Шоу подошло к концу. Ферт объявил, что все желающие могут теперь подойти к сотрудникам, чьи имена значатся в приглашениях, и обсудить детали. Зал загудел; часть зрителей ушла, не попрощавшись – не считая тех хамов, что покинули зал еще во время представления. Оставшиеся разбились на группки, окружив хозяев праздника. Антон, поколебавшись, направился к Ферту, который сидел, закинув ногу на ногу, в первом ряду и принимал своих крестников в порядке живой очереди. Тех было человек пять-шесть, каждому он предлагал заполнить какую-то анкету. Заполнять ее никто почему-то не хотел, а потому Ферт преспокойно, с вежливой улыбкой, советовал излишне недоверчивым соискателям попытать счастья где-нибудь в другом месте. Сам он, в свою очередь, не желал ничего объяснять и оставался непреклонен. Ругаясь, обиженные гости уходили не солоно хлебавши. Ферт продолжал беззаботно улыбаться, обнаруживая полную незаинтересованность в чересчур осторожных сотрудниках. Таким образом, Антон остался в одиночестве. Он посмотрел по сторонам: немногочисленные гости из отчаянных сидели, склонившись над листами бумаги. Антон глубоко вздохнул и поздоровался. Ферт сердечно закивал и протянул ему анкету:
– Не сочтите за труд заполнить.
– Да, но я сперва хотел бы…
– Пожалуйста, возьмите анкету, – повторил, словно не слыша, Ферт.

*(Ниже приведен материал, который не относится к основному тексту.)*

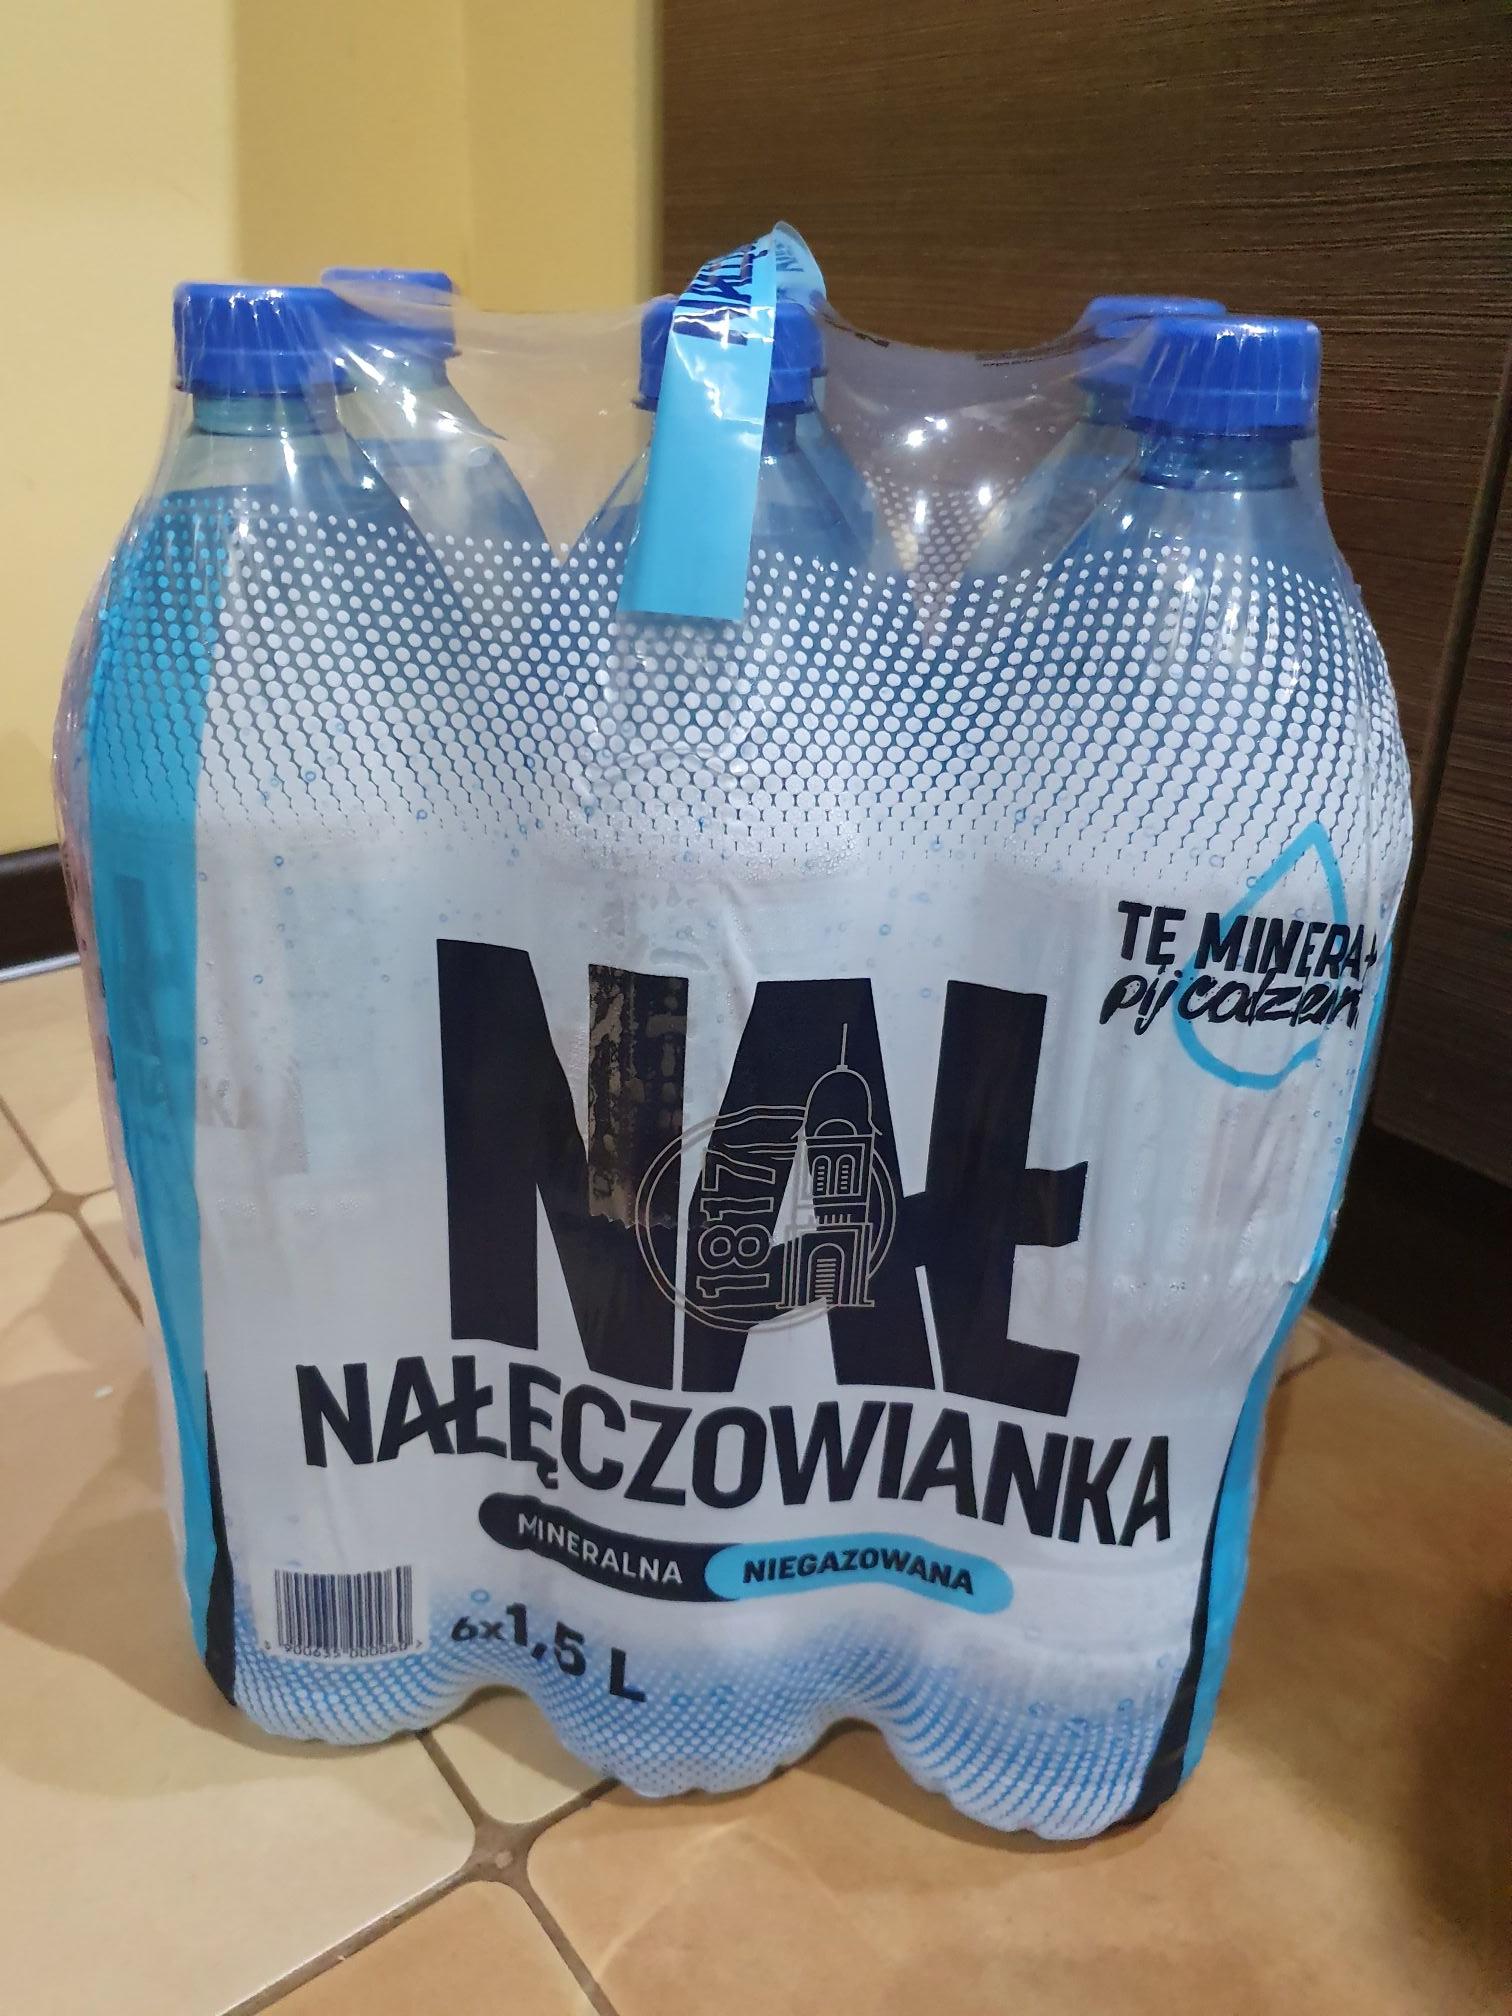 Nałęczowianka 6.99 zł zgrzewka - Frac
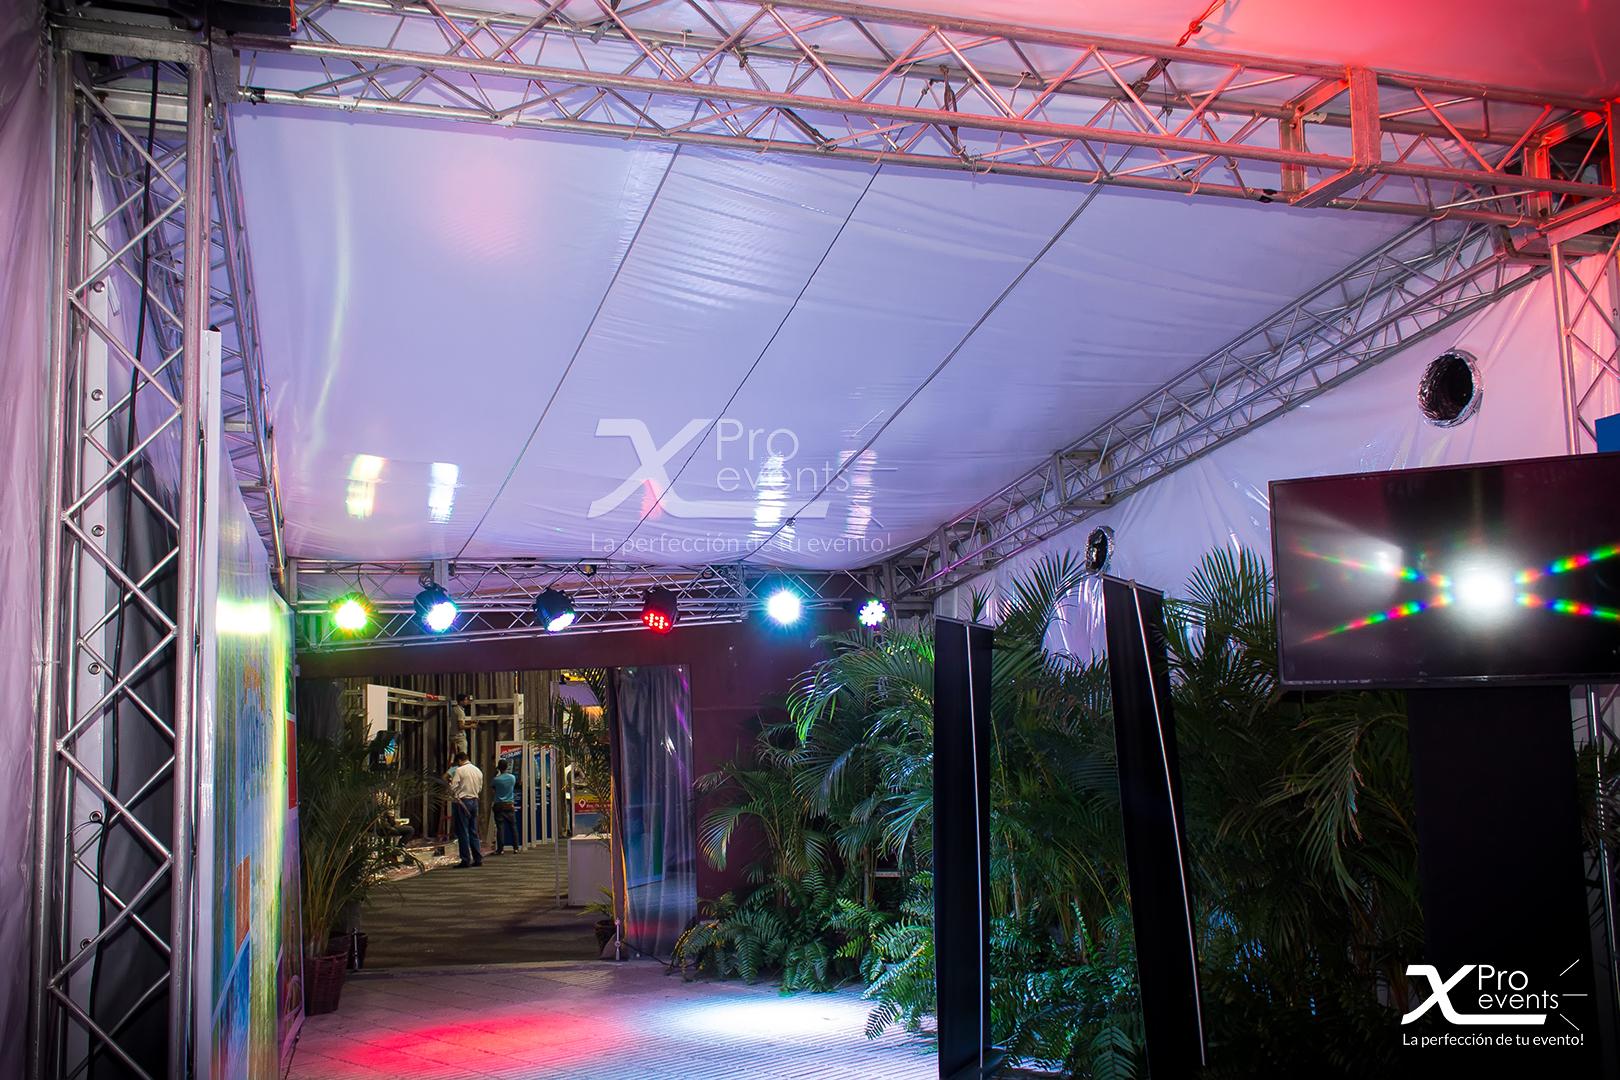 X Pro events - Estructuras y techos con truss de aliminio

Антон взглянул на него, потом оглянулся на выход – и взял. Ферт, вместо того, чтобы радоваться, что хоть кто-то согласился на его условия, посмотрел на часы.
– У вас десять минут, – известил он Антона. – Достаточно?
– Наверно, – пожал плечами Белогорский, устроился через три кресла от инструктора и принялся изучать текст. Наглые, однако, вопросы. Национальность. Вероисповедание. Образование. Профессия. Возраст. Адрес. Партийность. Группа крови. Спортивный разряд. Печатные работы. Награды. Судимости. Знание языков. Специальные навыки. Вредные привычки. Семейное положение. Размер ежемесячного дохода. Сдерживаемые эмоции. Тьфу ты, холера! Какая гнида это составляла? Не нужно ли отпечатков пальцев?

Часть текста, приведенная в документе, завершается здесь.